– Смотри, не опрокинь, тока! – бросил он через стол и положил на язык плоский кругляк копчёного сыра. Кое-как выпростав из-под колкого верблюжьего одеяла свои волосатые уже ноги, Санька осторожно подлез задницей к столу и, склонившись по – коровьи над кружкой (руки у него позорно тряслись), стал шумно втягивать в себя её содержимое. Отец, недовольно дёрнув головой, порицать сына не стал: то ли из уважения к его первому дню взрослости, то ли понимая его «развинченное» после выпускного состояние. Вот так же за этим столом сидел когда-то, после очередной отсидки, его отец Александр Фёдорович Смыков и тоже с удовольствием пил холодное «жигулёвское» или «рижское», или «московское» и неспешно мусолил такой же вот сыр с миндалём, и смотрел на него запавшими, полными глубокой тюремной печали глазами.
– Ну, что, сына, как погуляли? – спросил почти равнодушно, как будто только для отцовской галочки папа Федя, окончивший, между прочим, геодезический техникум и географический местного пединститута заочно. Будучи уже пенсионером по возрасту, папа Федя оставался ещё одним из лучших инженеров-гидрографов в местной мелиорации. В командировки его уже не посылали, а вот карты он по-прежнему «рисовал» самые исчерпывающие и точные. По ним легко ориентировались даже командированные из Ташкента и Минска узбекские и белорусские мелиораторы.
– Погуляли неплохо, только Сандору с КИПа в вытрезвитель повязали, – искренне досадуя на случившееся, отвечал сын Санька.
– Свалился что ли где или сквернословил? – опять больше для формы поинтересовался папа Федя.
– Если бы свалился! – делая последний глоток, воскликнул Санька. – Так, он, мудила, наблевал на крыльцо УВД. Теперь, наверное, такой штраф выпишут, что всю первую зарплату придётся отдать этим кашалотам!
– Боюсь, что одним штрафом он не отделается, – выразил серьёзные сомнения Санькин отец. – Тут хулиганкой несёт, а уж 15 суток – так, это как с куста!
– А что делать-то, бать? – с надеждой, словно это он лично заблевал областное управление внутренних дел, спросил Санька.
– Только ждать и надеется. – Не раздумывая, проговорил папа Федя. – Там же наверняка всё просматривается. Об этом, думаю, уже и сам генерал знает! Так бы сунуть четвертной какому-нибудь начальнику патруля – и дело в шляпе. А тут такой конфуз! Да вы, я тут слышал, их этого… с холодной головой и потными руками в гомика вырядили. Твоя, блин, идея?
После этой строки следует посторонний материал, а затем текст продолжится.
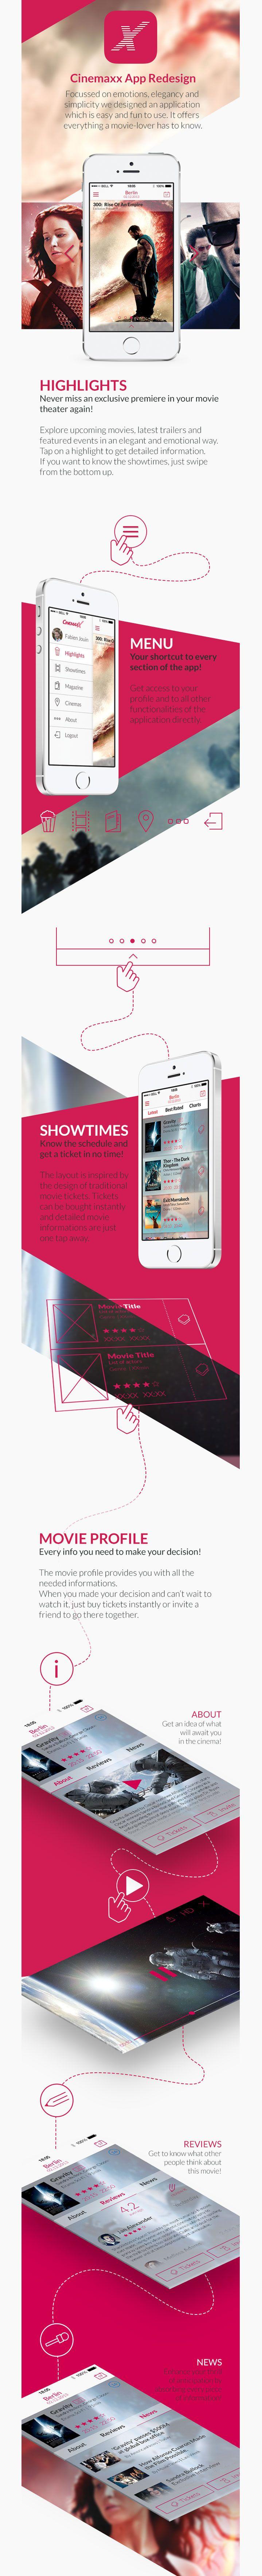 Cinemaxx Movie Theater – App Redesign

– Так, ты сам, батя, мне тут всю плешь проел их аморалкой! – С обидой вскинулся Санька. – Ленин сразу с несколькими бабами спал, брата Кагановича за какие-то извращения упекли, Коллонтай в деталях рассказывала своему мужу – революционному матросу, как её имел Троцкий, а последыш того же Дзержинского Берия вообще школьниц портил, гнида. А тут, вишь, выпили, расслабились… да и надоели они все со своими баснями про мораль да этот… как его… социалистический образ жизни. И сами совокупляются, как кролики. Цыпа вон нашего мастака с завучем по воспитанию в инструменталке застукал за этим делом. Она больше всех про целомудрие квакала, а тут от кайфа едва тиски из стола не вырвала. А ведь замужем, и дочка школу заканчивает. И у мастака – семья. Ну, хоть бы помалкивали про семью и детство, раз между ног свербит! Вы вон с матерью хоть и выпиваете, но разве когда так поступали? И никакой морали я от вас ни разу не слышал! Папа Федя благодарно потрепал сына по плечу, подлил ему пива, отрезал сыра и отправился на кухню ставить чайник. А Санька, ощутив сразу головой и пузом некоторое облегчение, пошлёпал босиком в ванную – чистить зубы и ополаскиваться прохладной водой.